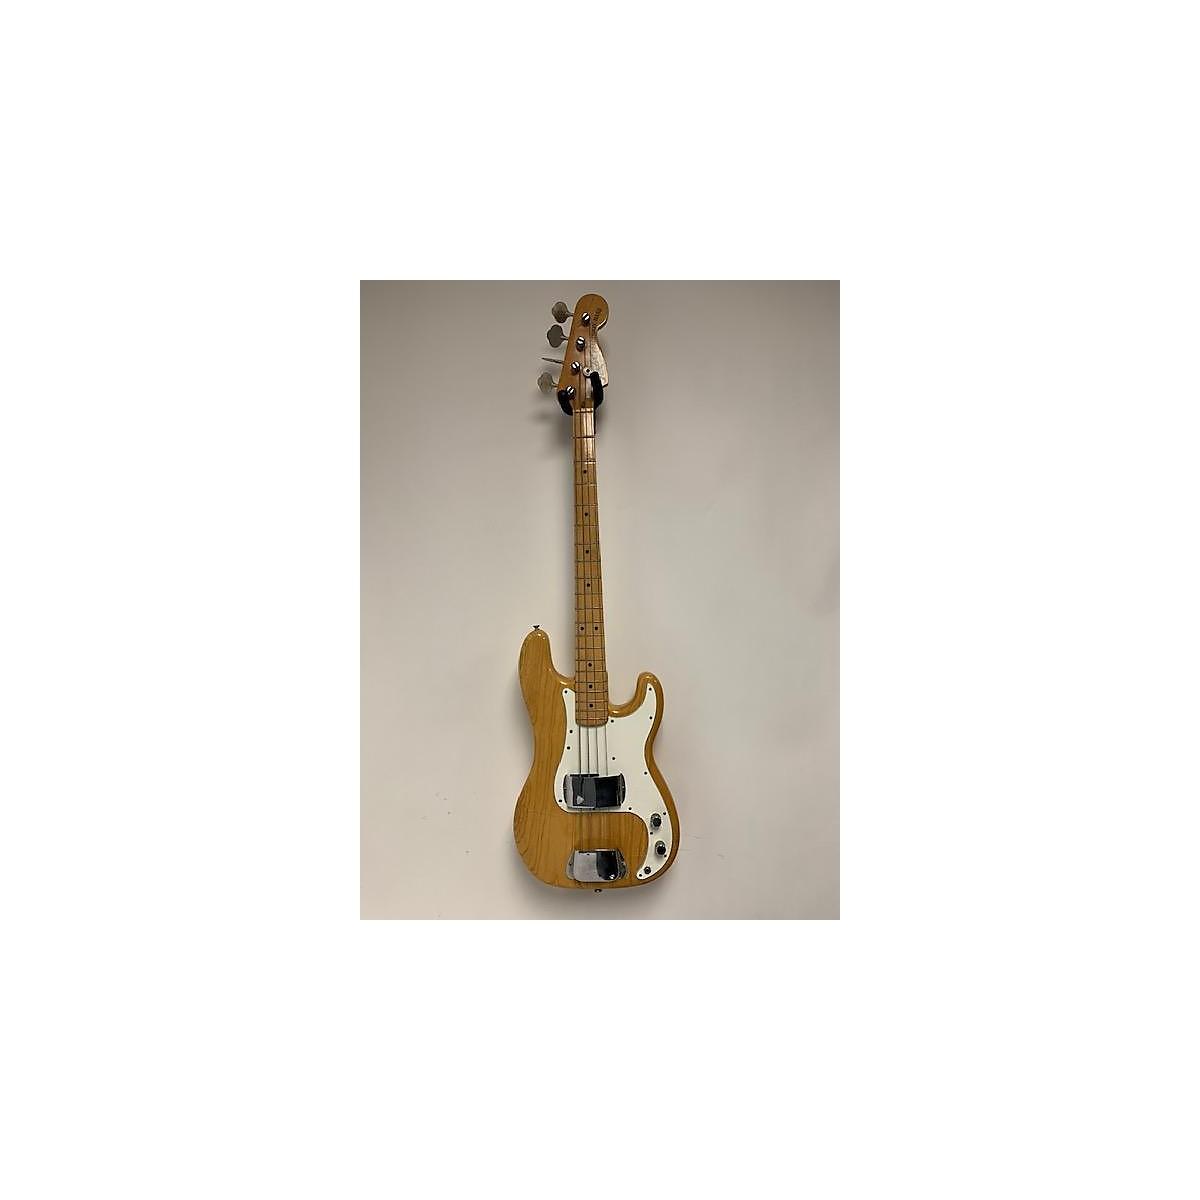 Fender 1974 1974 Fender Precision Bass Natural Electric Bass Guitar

------------------------------------

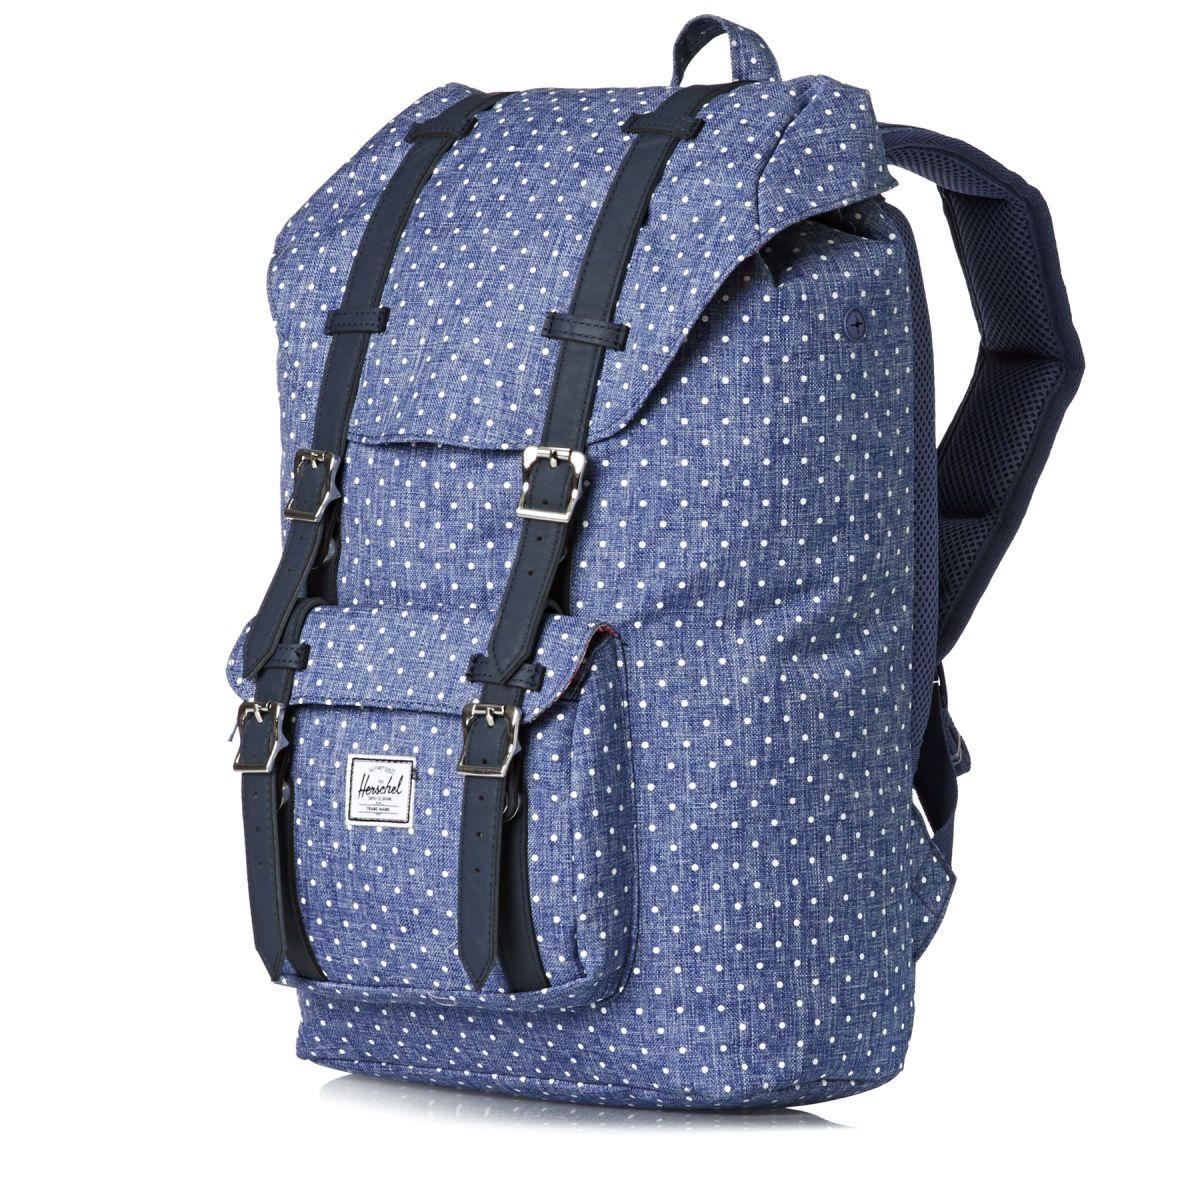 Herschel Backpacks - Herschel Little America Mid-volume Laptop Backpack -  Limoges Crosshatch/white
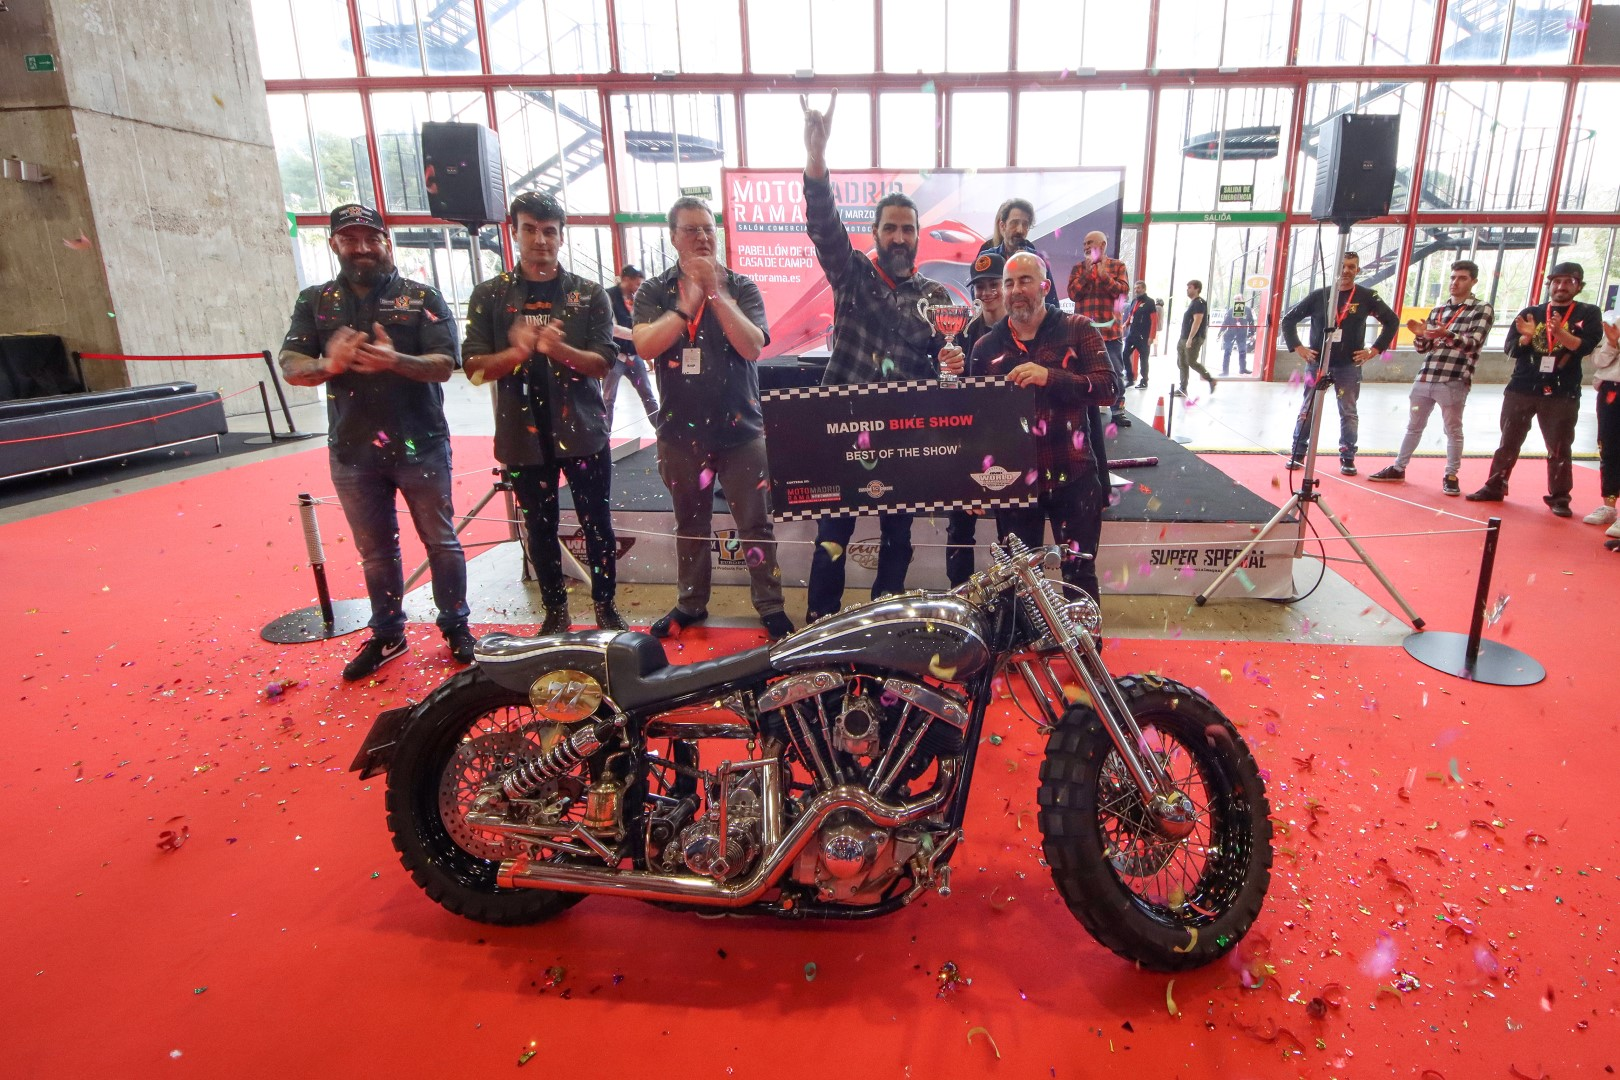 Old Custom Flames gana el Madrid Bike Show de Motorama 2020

------------------------------------

◆ **PROMPT**:
Starting at the line with "Herschel Backpacks - Herschel" and finishing at the line with "Old Custom Flames", copy the material above exactly, both lines included. Nothing else goes in, and no pictures.

◆ **RESPONSE FOR THIS EXERCISE**:
 Herschel Backpacks - Herschel Little America Mid-volume Laptop Backpack -  Limoges Crosshatch/white
 Old Custom Flames gana el Madrid Bike Show de Motorama 2020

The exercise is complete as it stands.